Do YOU take the time to spend a few minutes doing it or do you simply accept what these bloggers have to say carte blanche?
They did aquire new drugs with the Wyeth buy. They also got 4.5 billion in profits, large cost cutting because of it. And a large drug pipeline added to their own. I think a good share buyback program would go nicely now as debt is being payed off and shares are at this low a price. They could average a lot lower cost than the ones from a few years ago.
I dont see a problem with sharebuybacks especially when the share price is as low as now. Their really is no difference between getting a larger pie or having less people to eat from the one we have now. Especially if those pie eaters can be bought out at this low a price.
Obviously lots of people saw the crash coming & profited thereby. It's ludicrous to claim "no one" saw it coming.
Everyone from retirees who switched from stocks to bonds to analysts like Meredith Whitney to players like John Paulson saw it coming. Many on this very board warned you to get out in 2007 & urged everyone to flee stocks from Dow 13-14K. Why do you think the Dow dropped from 14K to 10K before the final plummet to 6440, if not for investors big & small getting out?
Why must you lie so blatantly, just to make lame excuses for your abject failure?

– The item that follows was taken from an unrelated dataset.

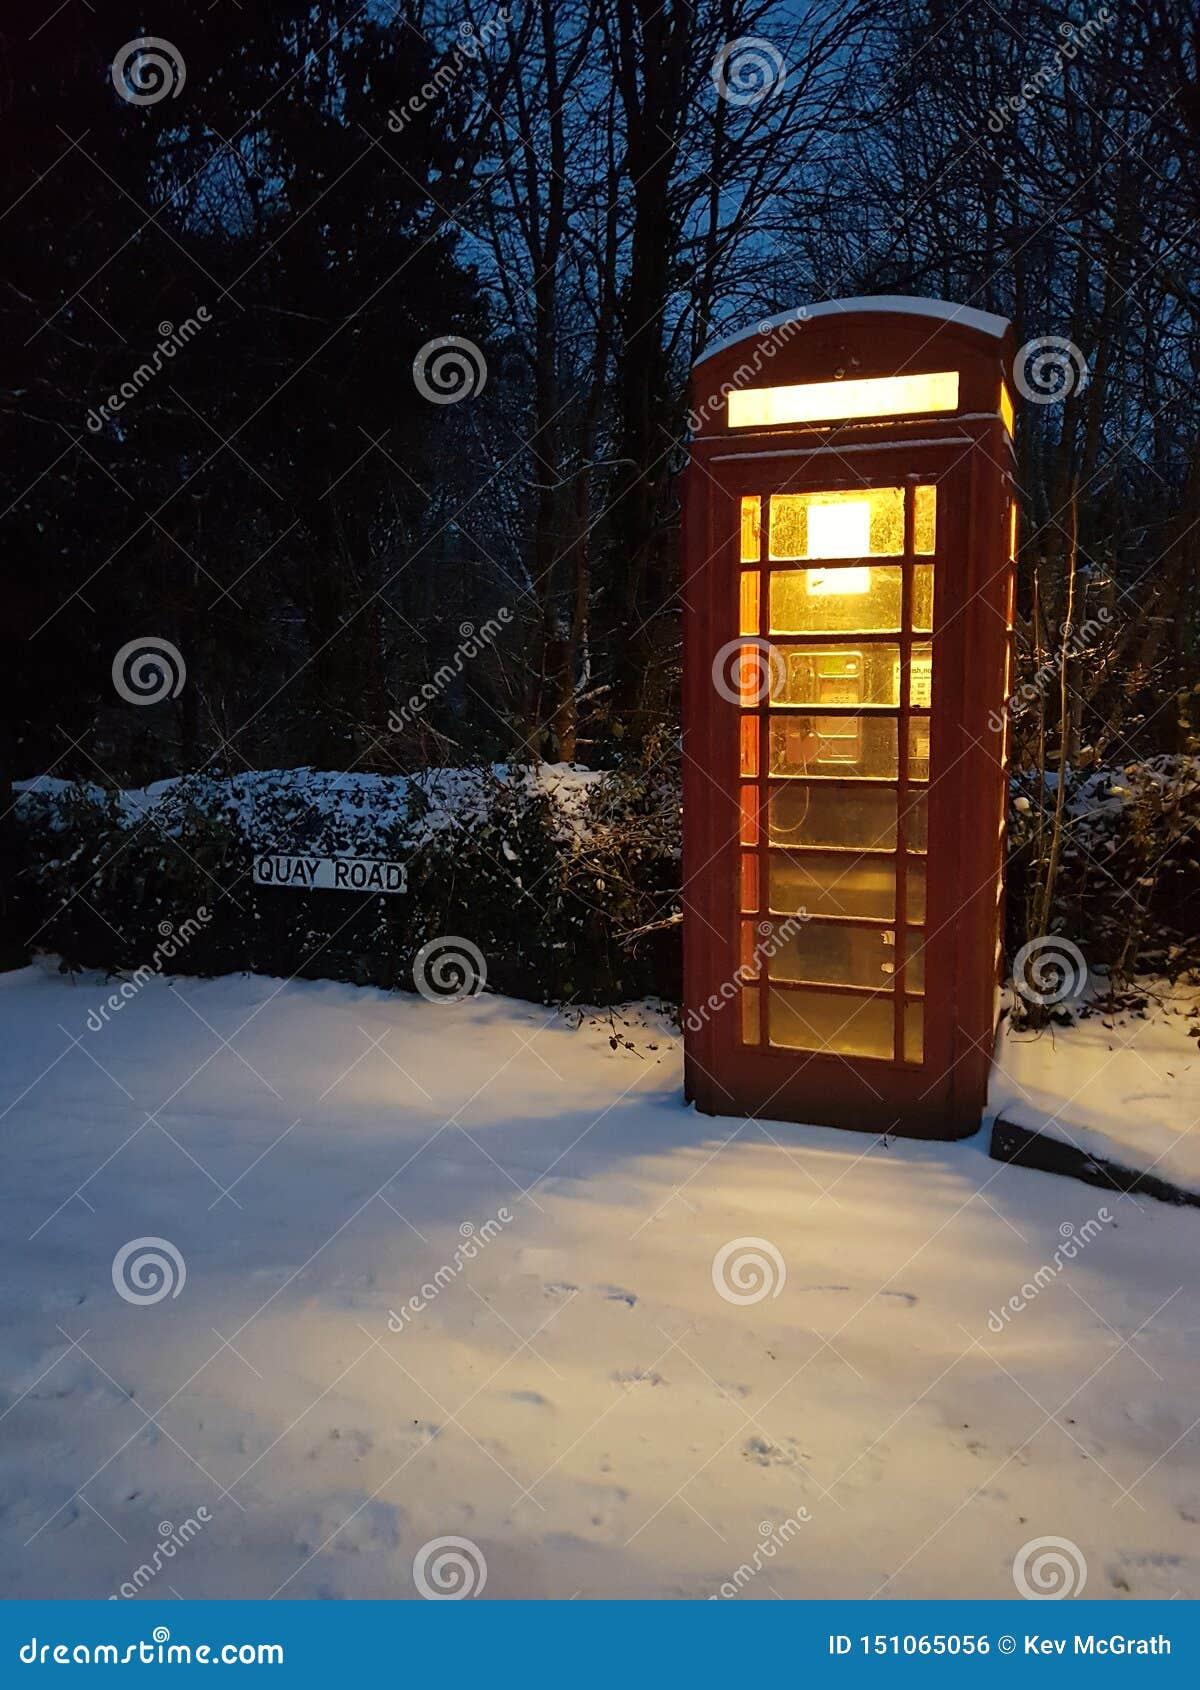 Τηλεφωνικό κιβώτιο σε μια χιονισμένη του χωριού οδό

The cash will be flowing for years to come. 19 billion dollars free cash flow per year for several years and slowly increasing. With the Wyeth purchase, huge cost cutting, new drugs in pipeline and growing markets for PFE products none of which are mentioned in this article, PFE will make up for the patent losses. Even if their is slow or no growth for a few years we have to remember that PFE is selling for 6.5 earnings at this point. The stock has been beaten down to much and will rebound eventually, especially with the nice and growing dividend. If i had more cash i would buy more and hold long term.
I already pointed out to Alan the utter failure of the stock buyback program, but stubborn fact elude the loser's ken.
Like Obama lamely trying to defend the trillion dollar waste, fraud, abuse & deficit ballooning porkulus package, Chartnuts argues that PFE would have lost even more value without the buyback.
You can always tell a lying loon, but you can't tell him much!